Why would the existence of paid mods completely change copyright law? Multiple people can make mudcrab skins, they each have copyright on their skin, and they can each charge or not. I mean, "infringing on profits" isn't a thing. You infringe on copyright.
If someone makes a great Bruma mod and charges for it, I'm free to develop my own and release it for free. I just can't copy their assets or code. Technically I can't copy anyone's assets or code, unless they give permission - which a lot of people do, generally under some sort of open source license.
But eh, I've been over this a thousand times in this thread. Just wanted to repeat it one more time and then probably let it be.
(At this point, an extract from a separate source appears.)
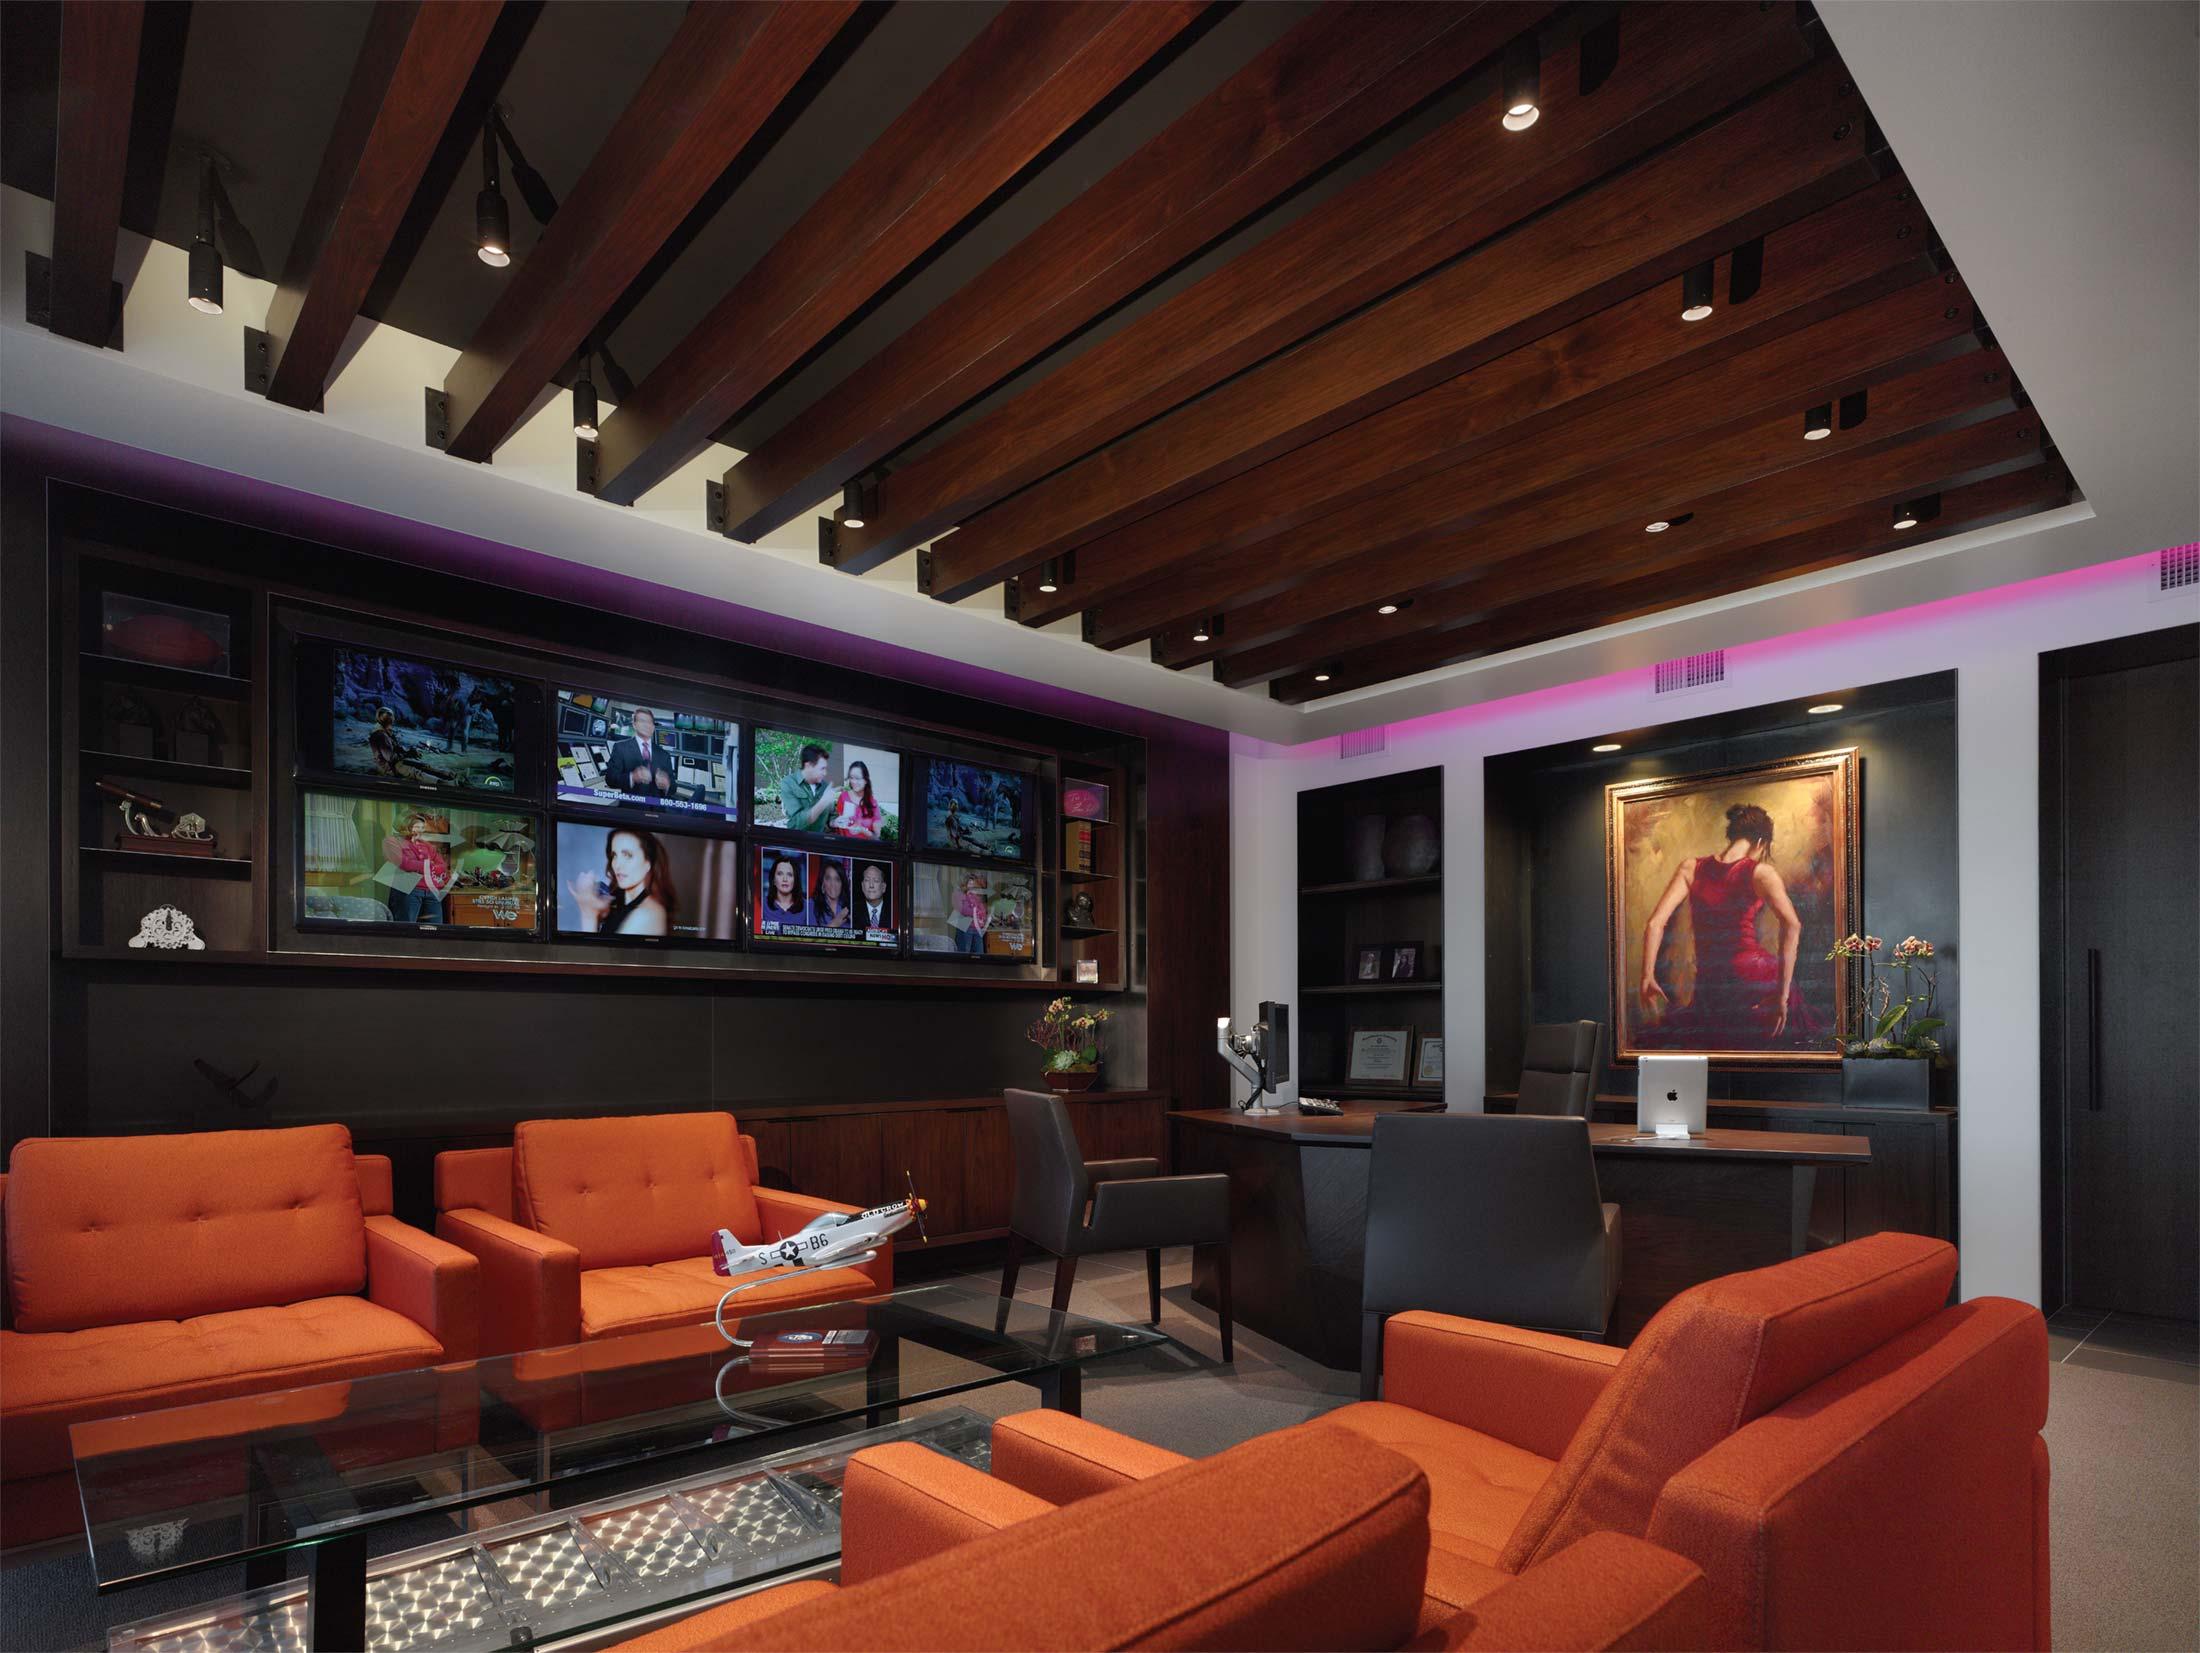 modern-architecture-commercial-interiors-workplace-office-branded-custom-workstation-california-shubindonaldson-intermedia-09
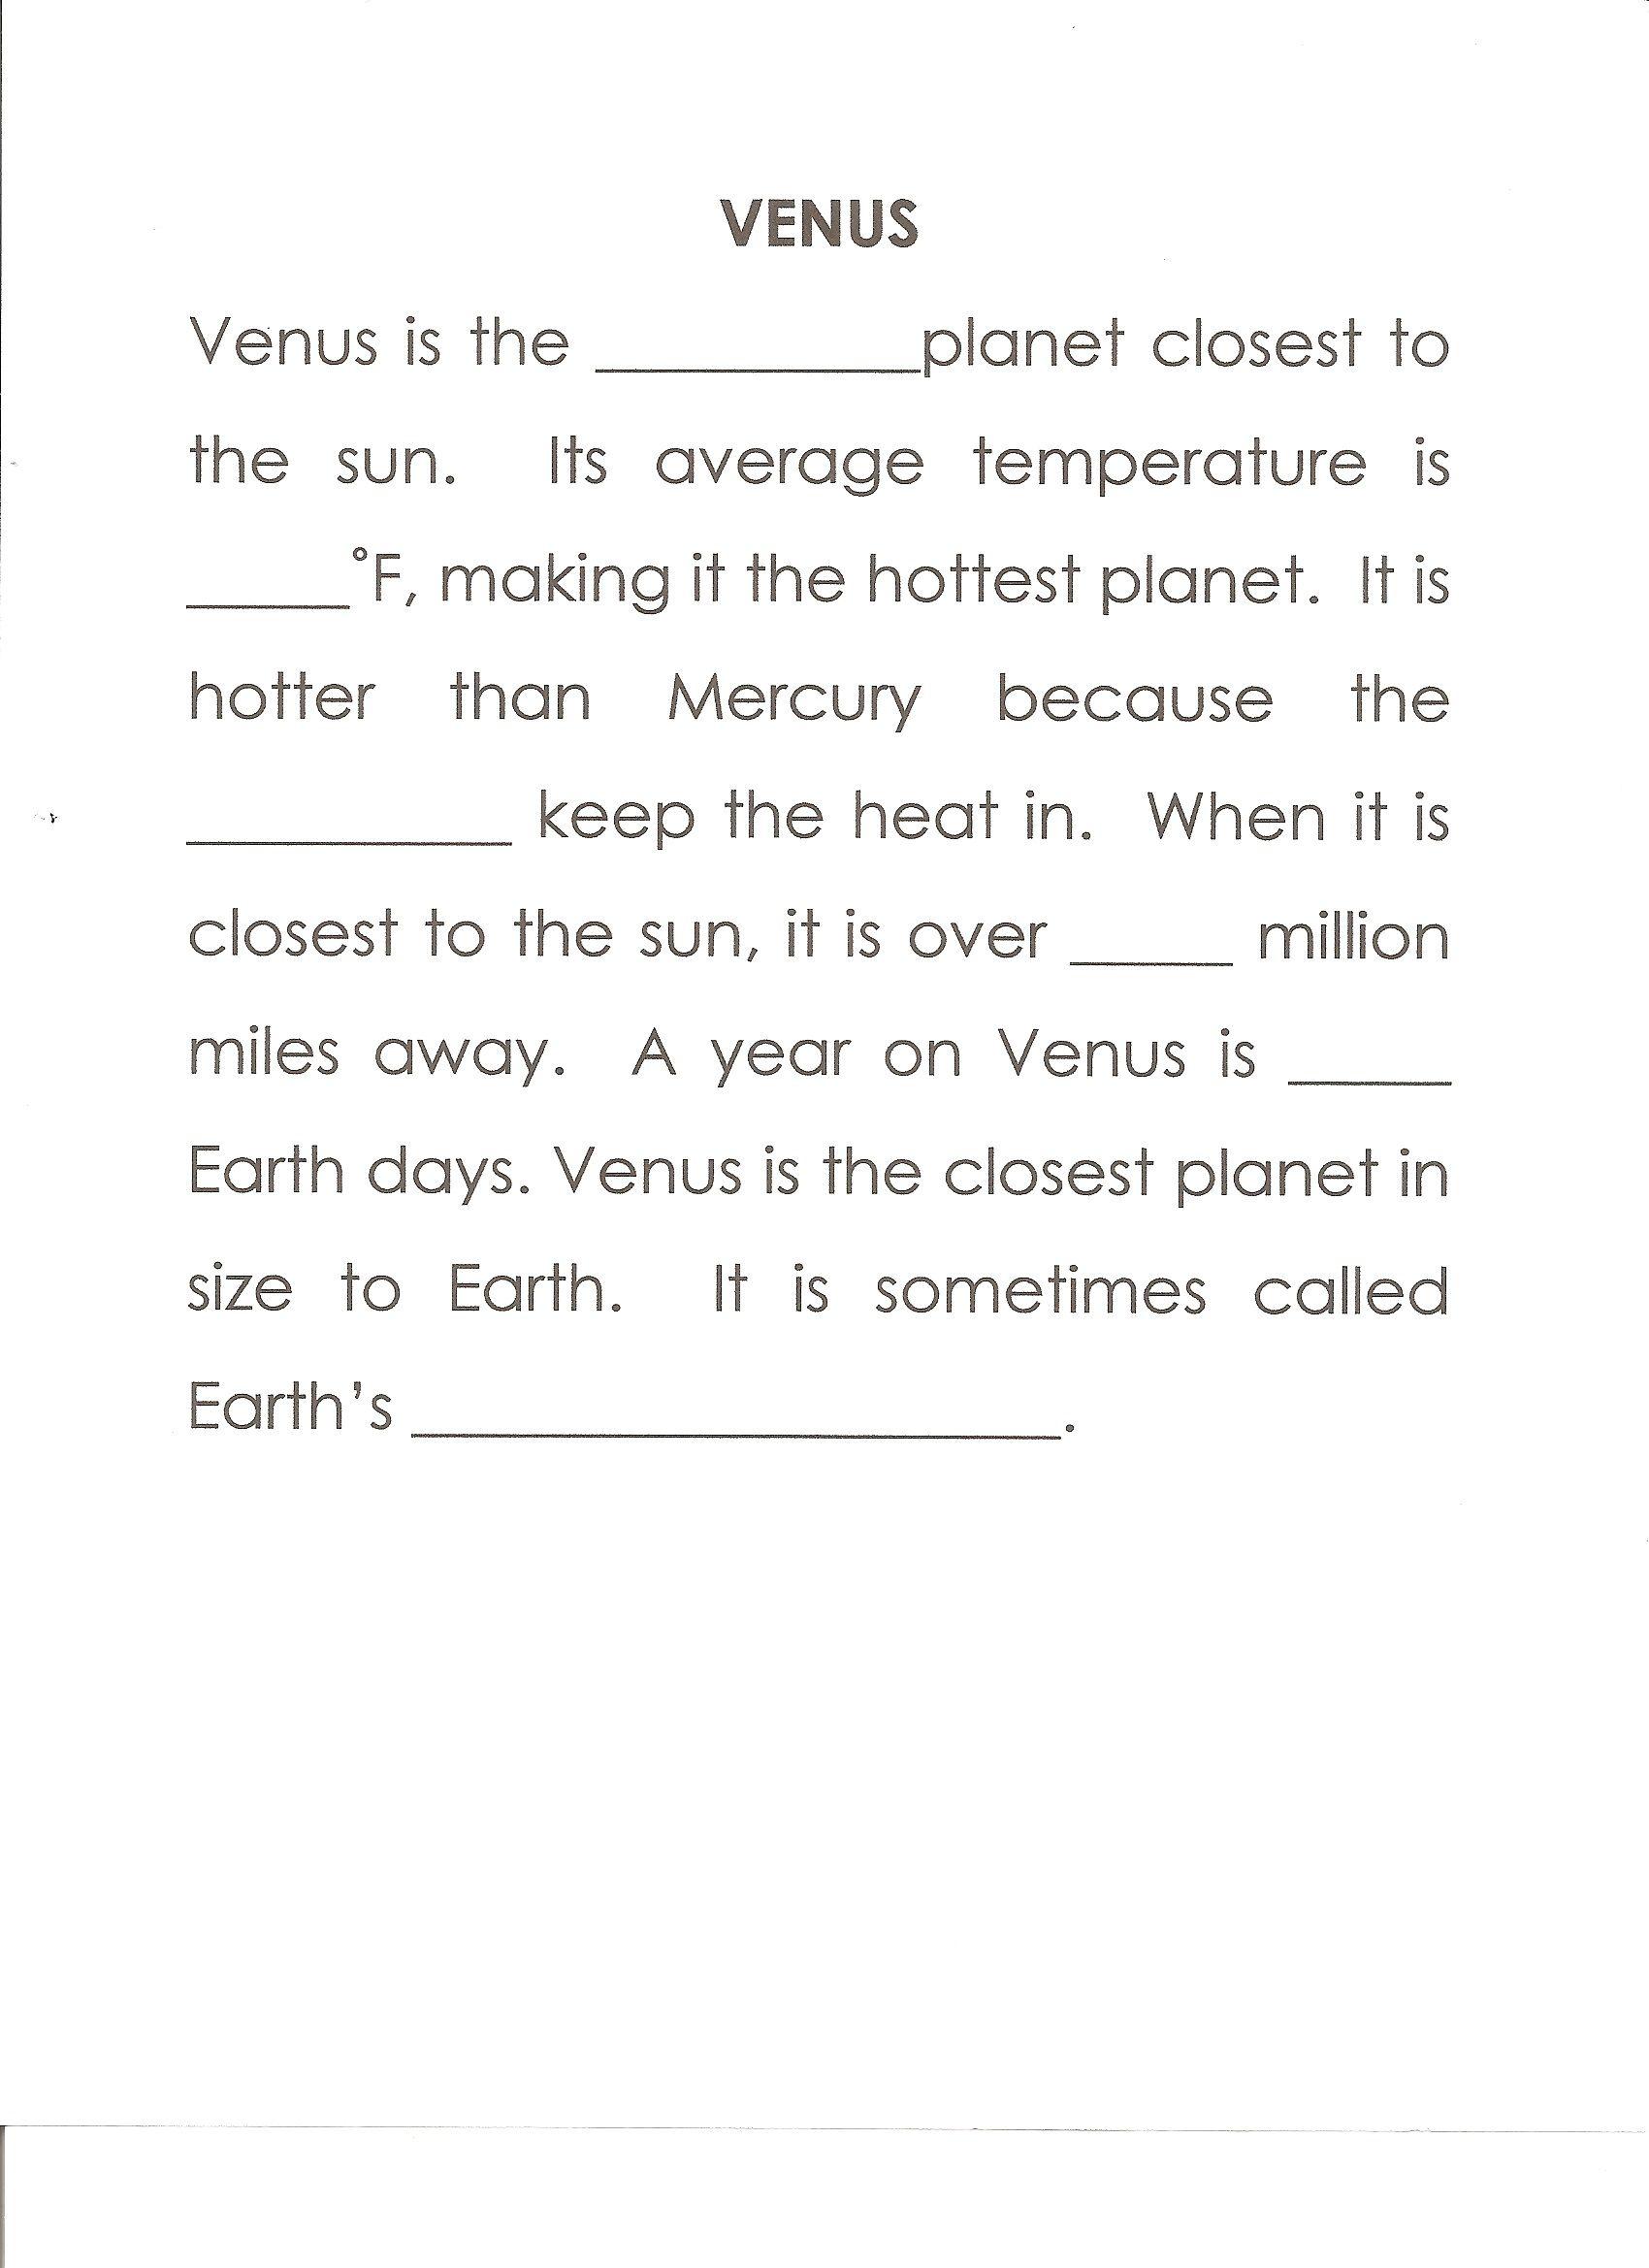 Venus Worksheet Answers Second 864 Clouds 67 224

There *are* significant issues with paid mods, I think Putnam did the best job describing how it would impact development, but people have some wild theories about this.
Sorry, don't mean to be wild.
I'm sure I'm not explaining it right.
I mean, correct me if I'm wrong, but does it not seem like a reasonable argument that since I am actively making money from my mods I would disallow you from using any asset whatsoever from my mod? Including, say, mudcrab-related things? It's their mudcrab asset, isn't it?
I think that once profit is established for the company
in direct relation to mods rather than original content or DLC specific content, it would give them grounds to claim that a modder is trying to get around their copy protection, much like how you are likely to get shut down for say, modding DLC content straight into a vanilla game. The difference is that you are cutting into their potential profit from their paid content.
I would love for you to explain to me why this is impossible. For reals no sarcasm, please do tell.
::EDIT::
For me the core issue remains that modding "freedoms" exist exclusively at the pleasure or inability to police of the owner, and many owners make sweeping legal claims of total ownership of every work even tangentially related to their product.
Essentially this. Once the concept of modding is publicly tied to corporate profit, could they not conceivably shut down any mod that they feel is hurting their sales, and claim damages if they do not? Even if they sell every mod for 2$, hundreds of thousands of mods are downloaded each month. They could absolutely afford to police that.